Turbo models are decent at low-iteration-decent-results, but not so much at adding fine details to an mostly-done image.


How much VRAM does it need? They mention that the largest model uses 1.4 billion parameters more than SDXL, which in turn need a lot of VRAM.


There was a leak from Japan yesterday, prior to this release, and in that it was suggested 20gb for the largest model.

This text was part of the Stability Japan leak (the 20gb VRAM reference was dropped in the release today):

"Stages C and B will be released in two different models. Stage C uses parameters of 1B and 3.6B, and Stage B uses parameters of 700M and 1.5B. However, if you want to minimize your hardware needs, you can also use the 1B parameter version. In Stage B, both give great results, but 1.5 billion is better at reconstructing finer details. Thanks to Stable Cascade's modular approach, the expected amount of VRAM required for inference can be kept at around 20GB, but can be reduced even further by using smaller variations (as mentioned earlier, this (which may reduce the final output quality)."


Thanks.

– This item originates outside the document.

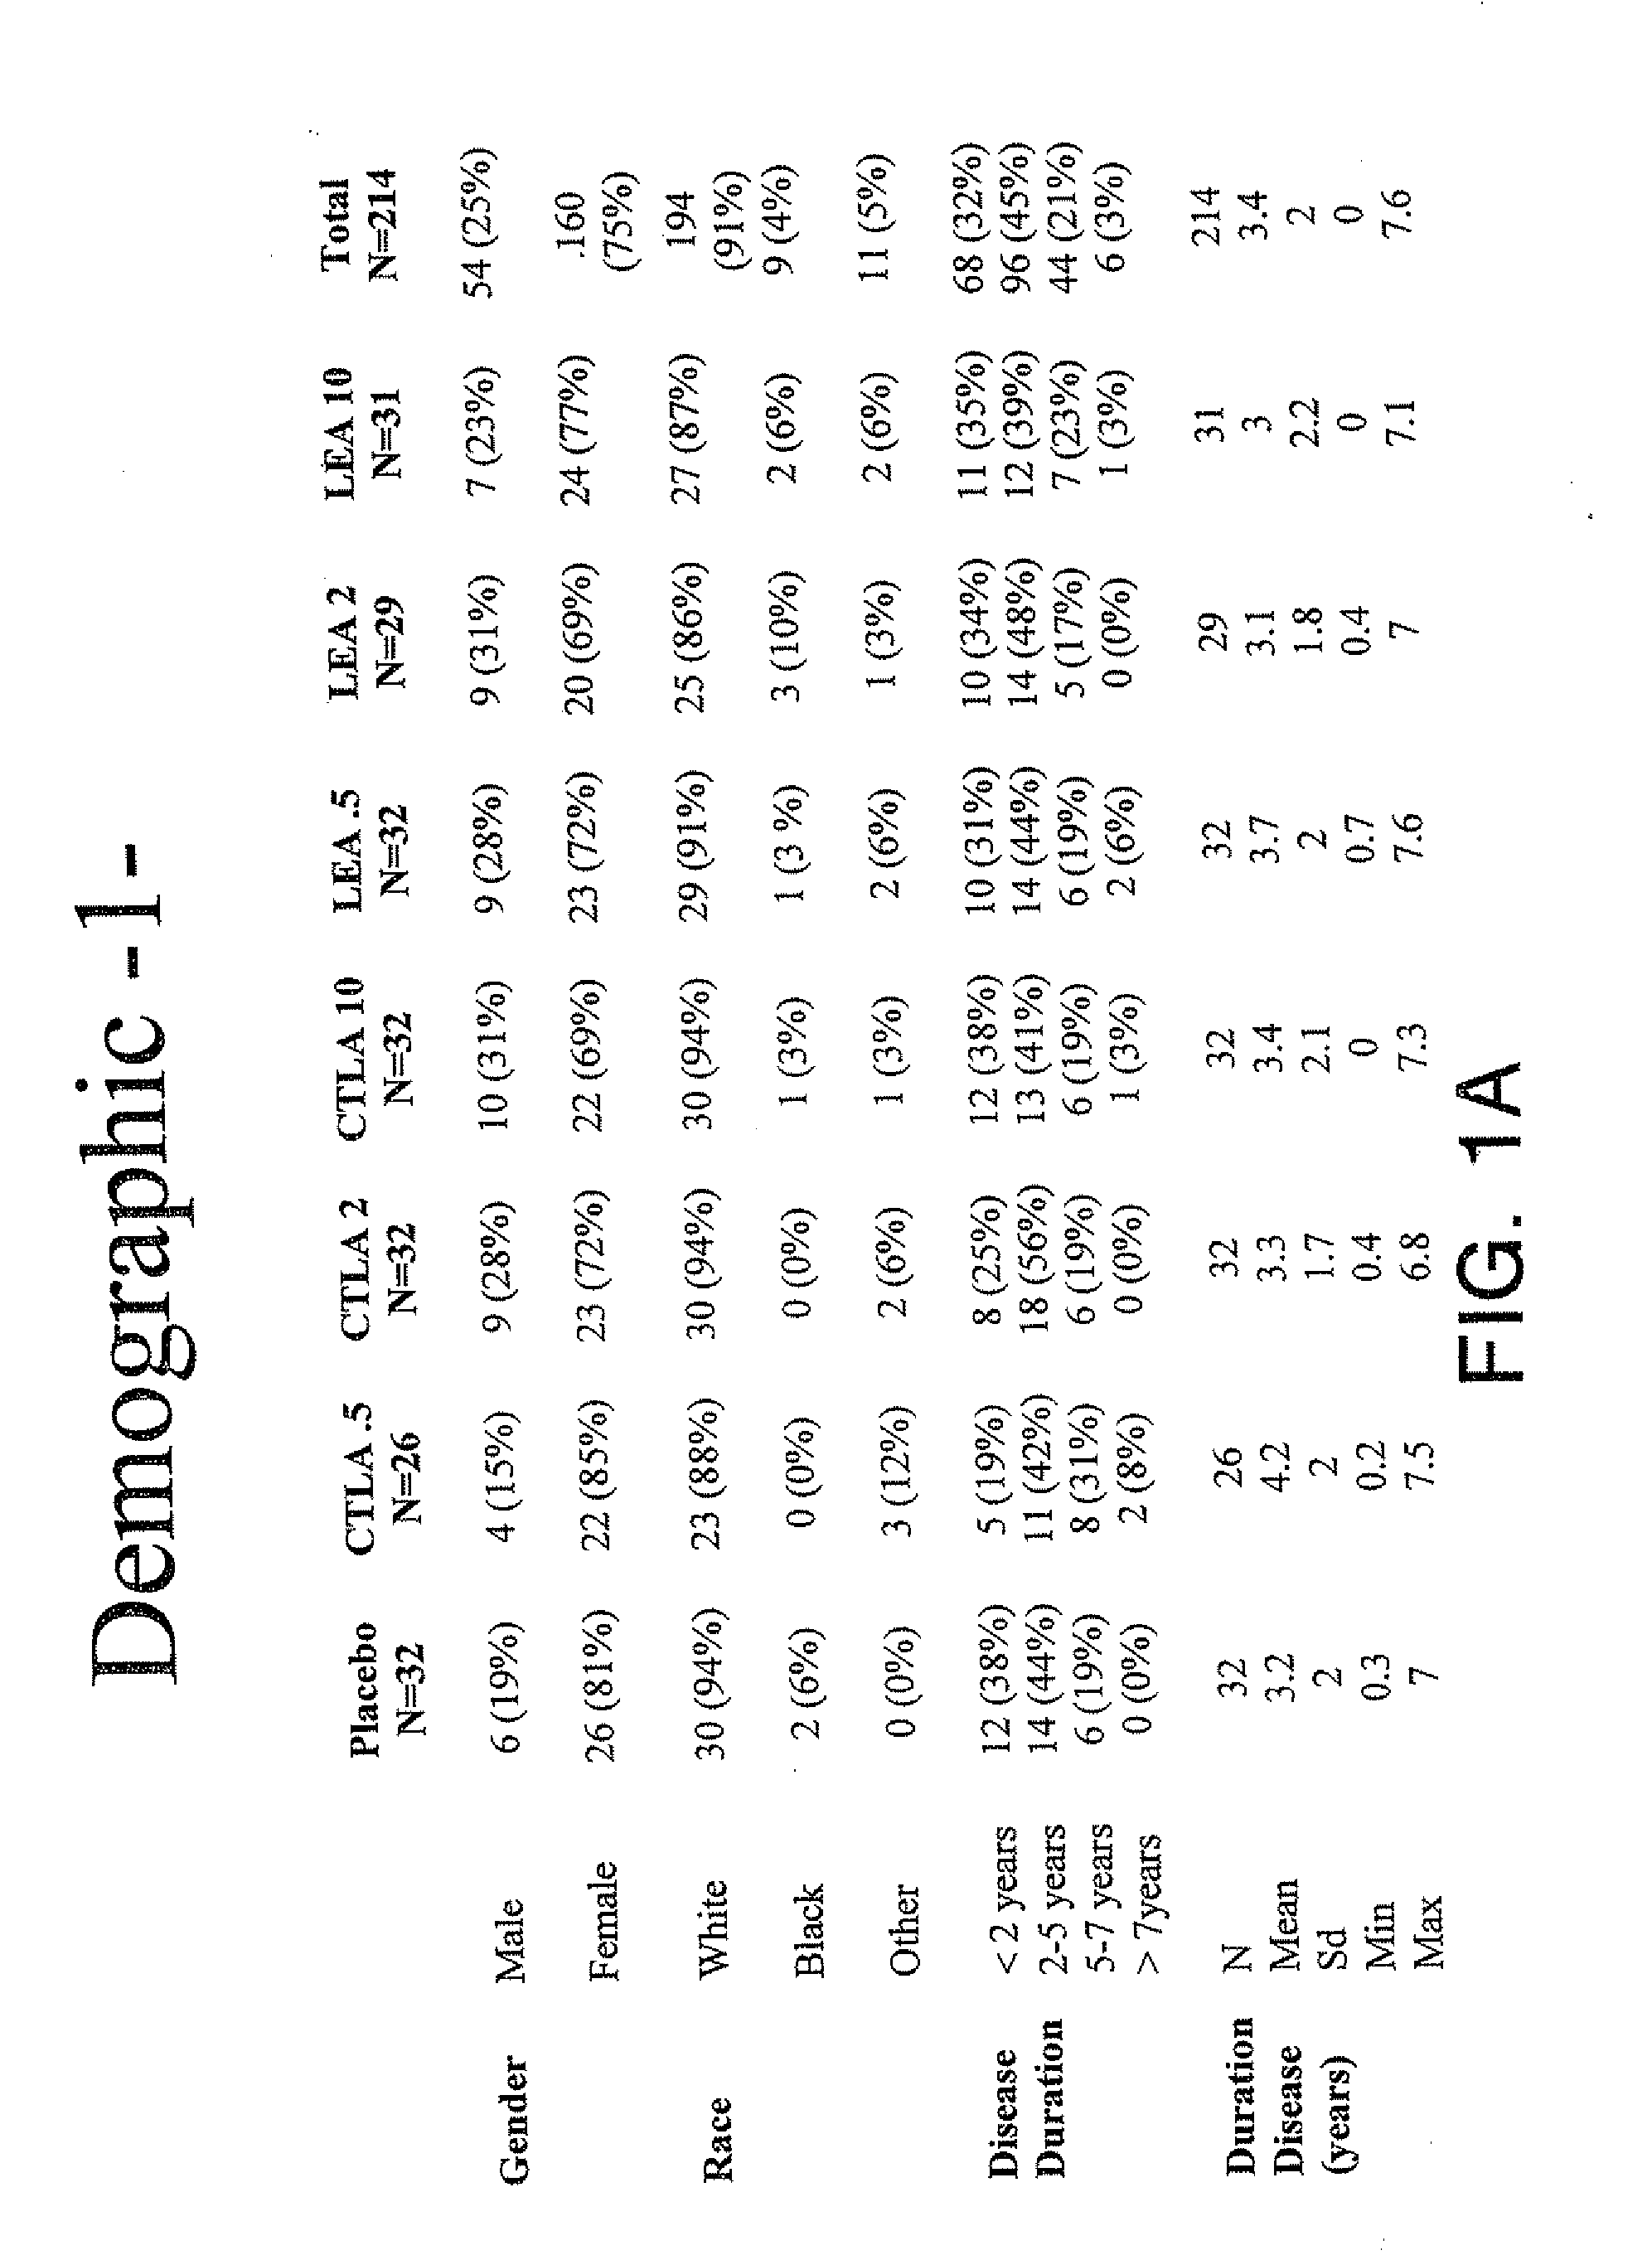 Method for treating an autoimmune disease using a soluble ctla4 molecule and a dmard or nsaid
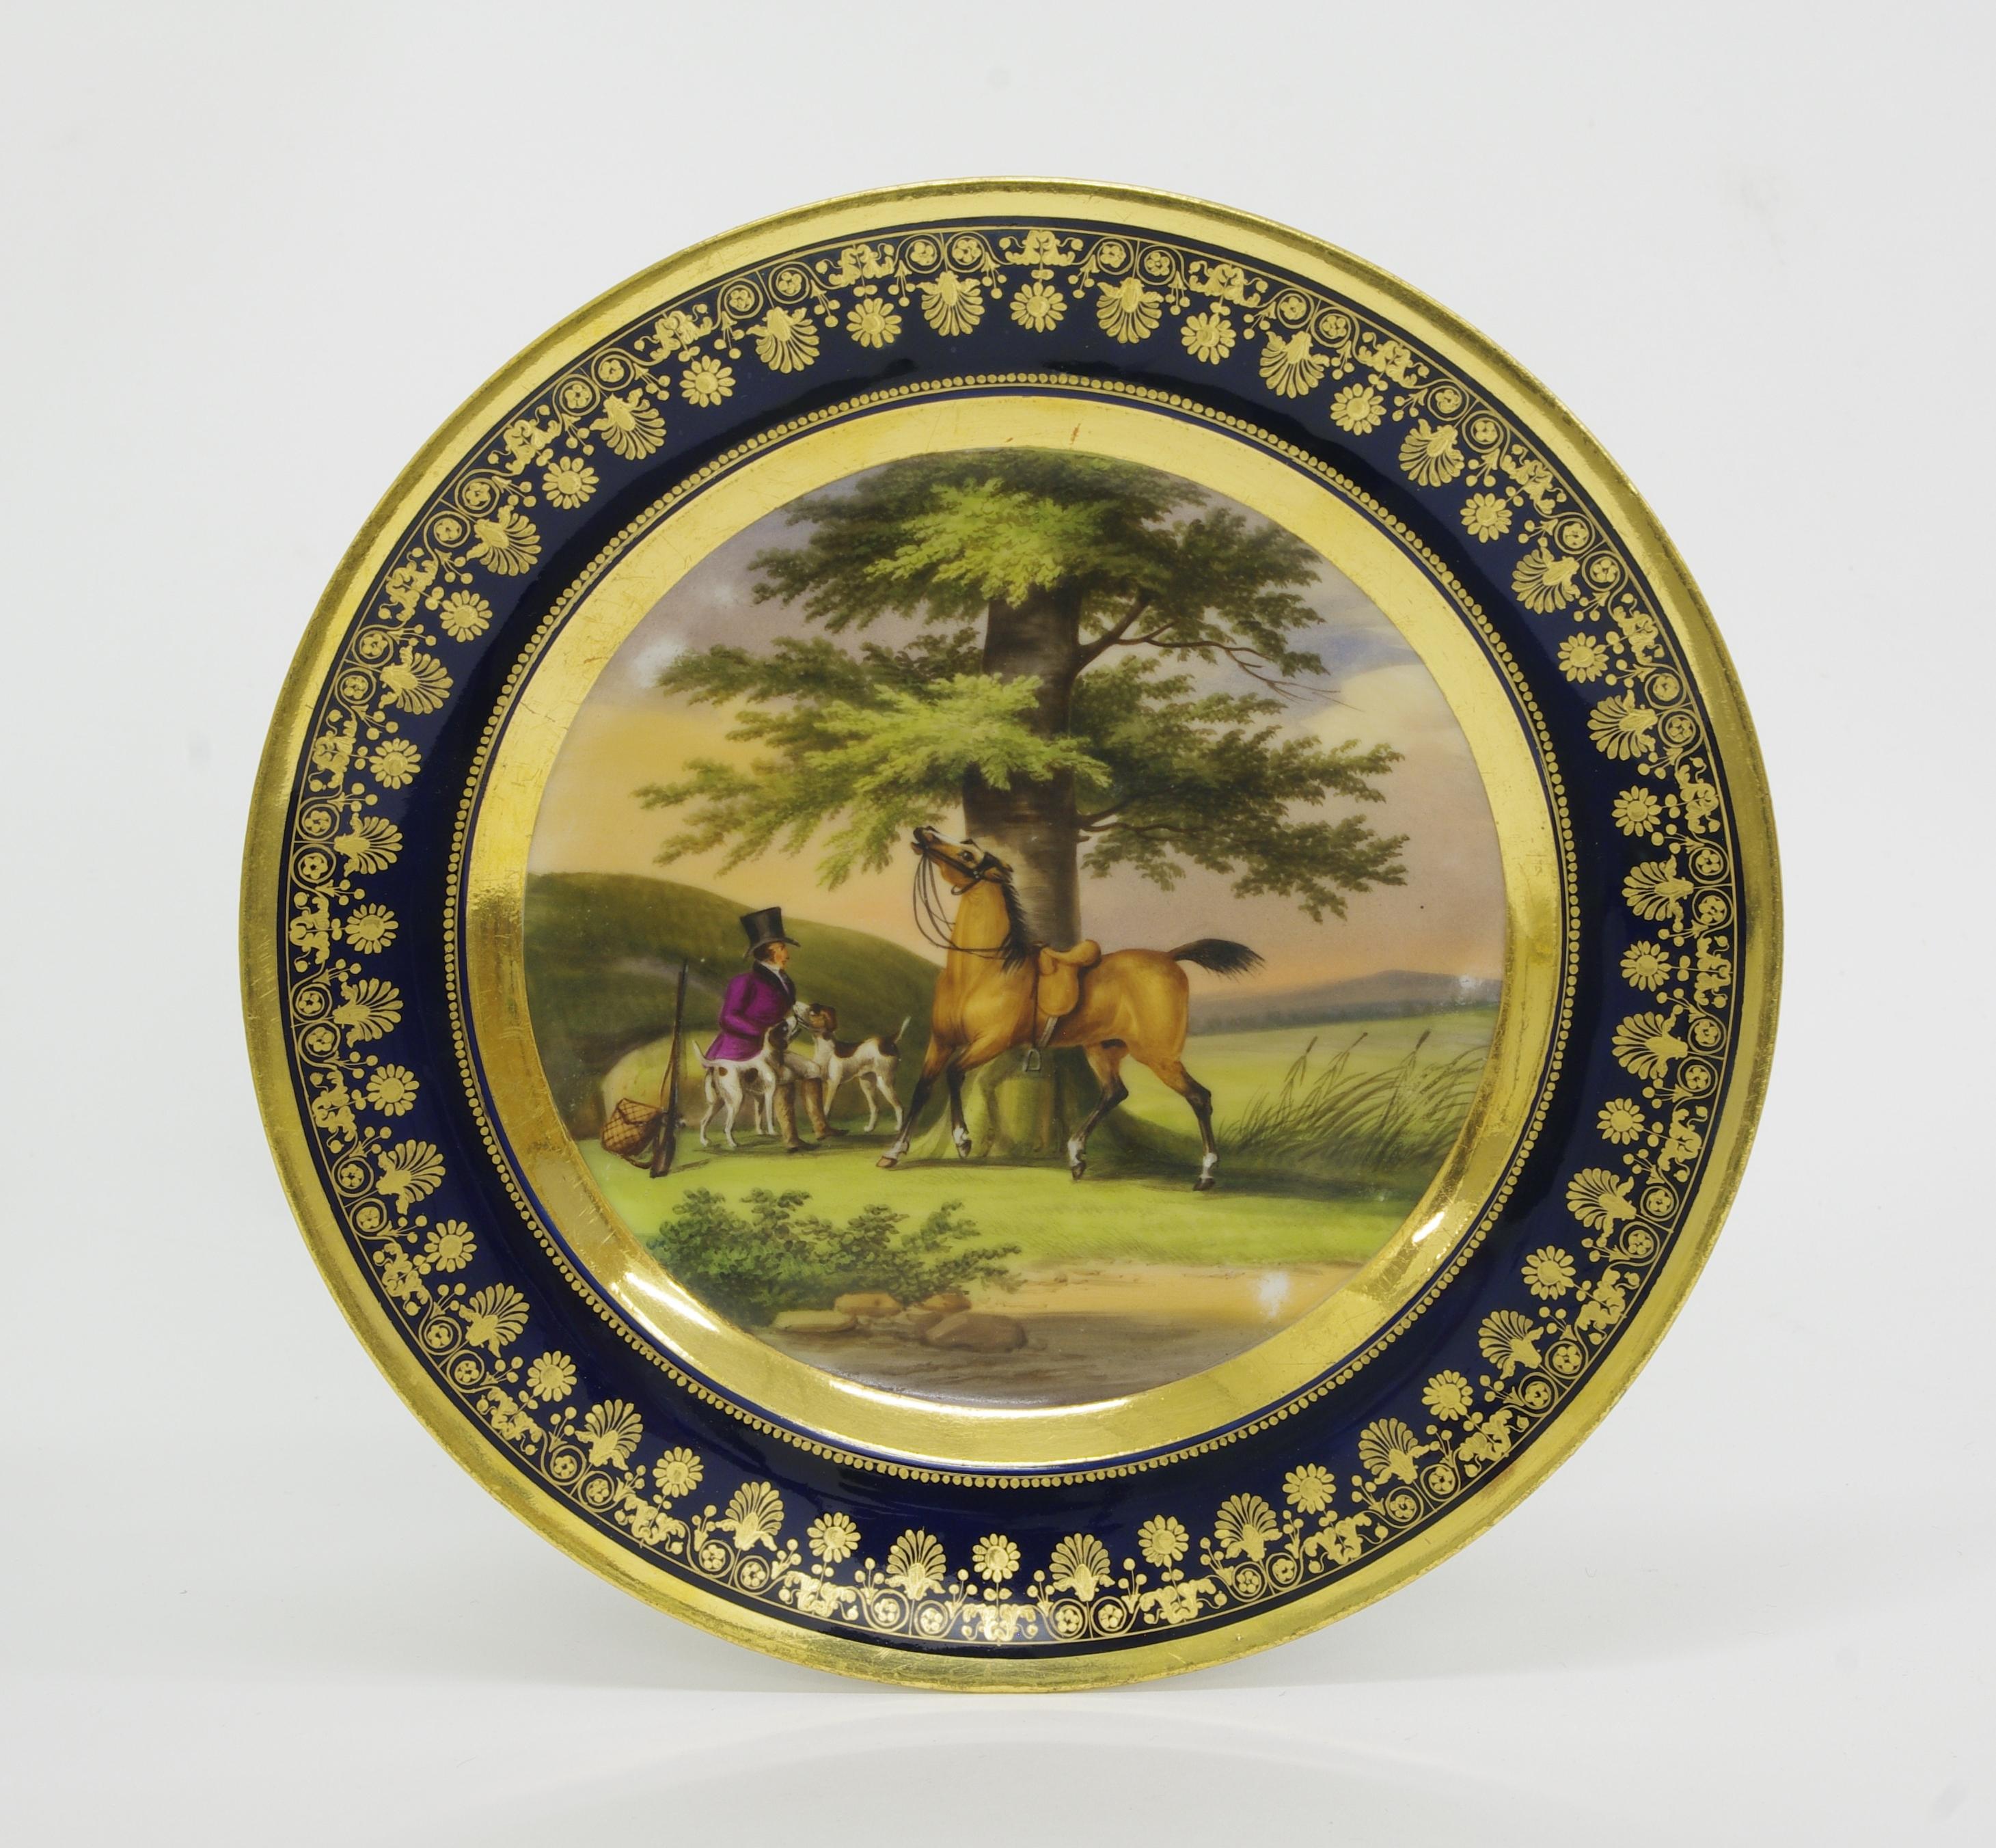 Empire Pair of Old Pairs Porcelain Cabinet Plates, circa 1820

I guess this means that fewer people will be able to use it on their own computer, but the improved efficiency makes it cheaper to run on servers with enough VRAM.

Maybe running stage C first, unloading it from VRAM, and then do B and A would make it fit in 12 or even 8 GB, but I wonder if the memory transfers would negate any time saving. Might still be worth it if it produces better images though.


Sequential model offloading isn’t too bad. It adds about a second or less to inference, assuming it still fits in main memory.


Sometimes I forget how fast modern computers are. PCIe v4 x16 has a transfer speed of 31.5 GB/s, so theoretically it should take less than 100 ms to transfer stage B and A. Maybe it's not so bad after all, it will be interesting to see what happens.


If you're serious about doing image gen locally you should be running a 24GB card anyway because honestly Nvidia's current generation 24GB is the sweet spot price to performance. 3080 ram is laughably the same as the 6 year old 1080Ti and 4080 ram is only slightly more at 16 and costs about 1.5 times the 3090 second hand.

Any speed benefits of the 4080 are gonna be worthless the second it has to cycle a model in and out of ram anyway vs the 3090 in image gen.


> because honestly Nvidia's current generation 24GB is the sweet spot price to performance

How is the halo product of a range the "sweet spot"?

I think nVidia are extremely exposed on this front. The RX 7900XTX is also 24GB and under half the price (In UK at least - £800 vs £1,700 for the 4090). It's difficult to get a performance comparison on compute tasks, but I think it's around 70-80% of the 4090 given what I can find. Even a 3090, if you can find one, is £1,500.

The software isn't as stable on AMD hardware, but it does work. I'm running a RX7600 - 8GB myself, and happily doing SDXL. The main problem is that exhausting VRAM causes instability. Exceed it by a lot, and everything is handled fine, but if it's marginal... problems ensue.

The AMD engineers are actively making the experience better, and it may not be long before it's a practical alternative. If/When that happens nVidia will need to slash their prices to sell anything in this sphere, which I can't really see themselves doing.


>How is the halo product of a range the "sweet spot"?

Because it’s actually a bargain second hand (got another for £650 last week buy it now eBay) and cheap for the benefit it offers for any professional who needs it.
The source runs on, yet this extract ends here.